Last month, we looked at common culprits as well as the prevalence and clinical signs of food allergies in dogs and cats.
But definitively diagnosing a food allergy in dogs and cats remains a challenge. Unfortunately, the only current method to
accurately identify patients with food allergies is to perform an elimination diet trial for a sufficient time while controlling
all concurrent allergies and secondary infections. This is easier said than done. Both intradermal allergy testing and serologic
testing for food allergies remain unreliable, with both false positive and false negative results occurring.1
Three types of diets are available in a veterinary dermatology setting. Novel protein and hydrolyzed protein diets are useful
for the diagnosis and long-term management of patients with food allergies. Therapeutic diets are formulated with higher and
"balanced" levels of omega 3 and 6 fatty acids and are most useful for patients with atopic dermatitis. They will not necessarily
be formulated with novel proteins. Most of the major manufacturers of therapeutic dog foods now provide a line of "hypoallergenic"
Choosing a diet for the trial
There is no foolproof "works every time" test diet. Choosing the best diet to feed a patient with a suspected food allergy
requires careful and detailed questioning of the client regarding previous and current diets, treats and flavored medications.
Once that information is known, you must choose a diet that 1) consists of proteins to which the patient has not had exposure,
2) has minimal chance of cross reactions with previously fed proteins, 3) will be eaten by the patient and 4) will be readily
fed by the client. Because of all these factors, rabbit, kangaroo and, occasionally, fish are the first diets of choice for
most patients with suspected food allergies. You should also be confident that the manufacturer of the food has truly kept
the food limited to what is stated on the label and not allowed contamination with other feeds or proteins.

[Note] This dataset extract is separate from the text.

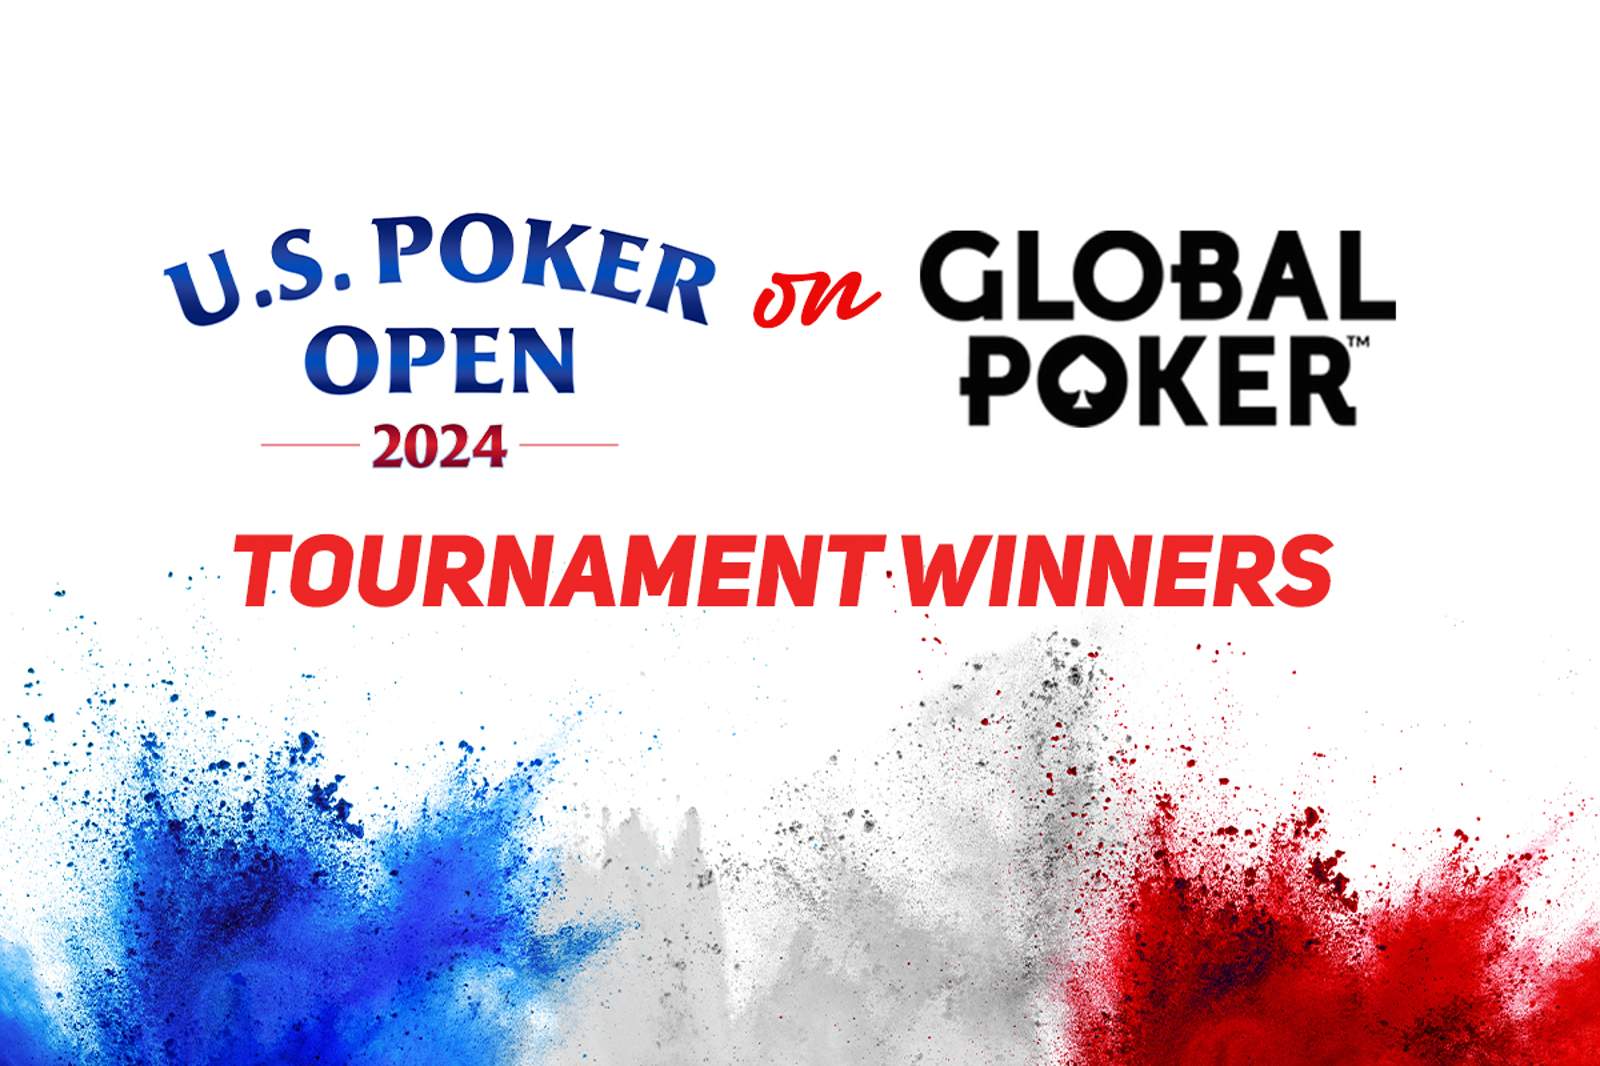 See the Global Poker 2024 U.S. Poker Open Online Results

In addition to determining which novel protein is appropriate for the test diet, it is also necessary to counsel the owners
on what to avoid feeding. We frequently deal with situations in which the owners have fed an appropriate test diet but continued
to feed treats and protein-based supplements. Some patients with food allergies will flare or continue to exhibit clinical
signs simply from beef- or pork-based additives in chewable medications.
Hydrolyzed diets are also available, with hydrolyzed chicken- and soy-based foods being the most common. Several published
studies have reported the majority of patients fed hydrolyzed diets have improvement in clinical signs, even if they are allergic to the parent protein. Yet
other studies show up to 50 percent of patients with food allergies flare or fail to improve while eating a hydrolyzed diet.2 In 2010, a report summarized all the various (and sometimes conflicting) articles on the subject and concluded hydrolyzed
diets should not be used if a patient could potentially be hypersensitive to the parent (nonhydrolyzed) protein.2 I prefer novel proteins for the test phase. Occasionally, a cat with a food allergy will refuse to eat novel proteins, and
hydrolyzed chicken diets are the second choice. Because of limited availability of some of the novel protein diets, once a
patient has improved after eating a novel protein diet, I will recommend a challenge with a hydrolyzed diet (soy or chicken)
since these diets are always available and not subject to back orders.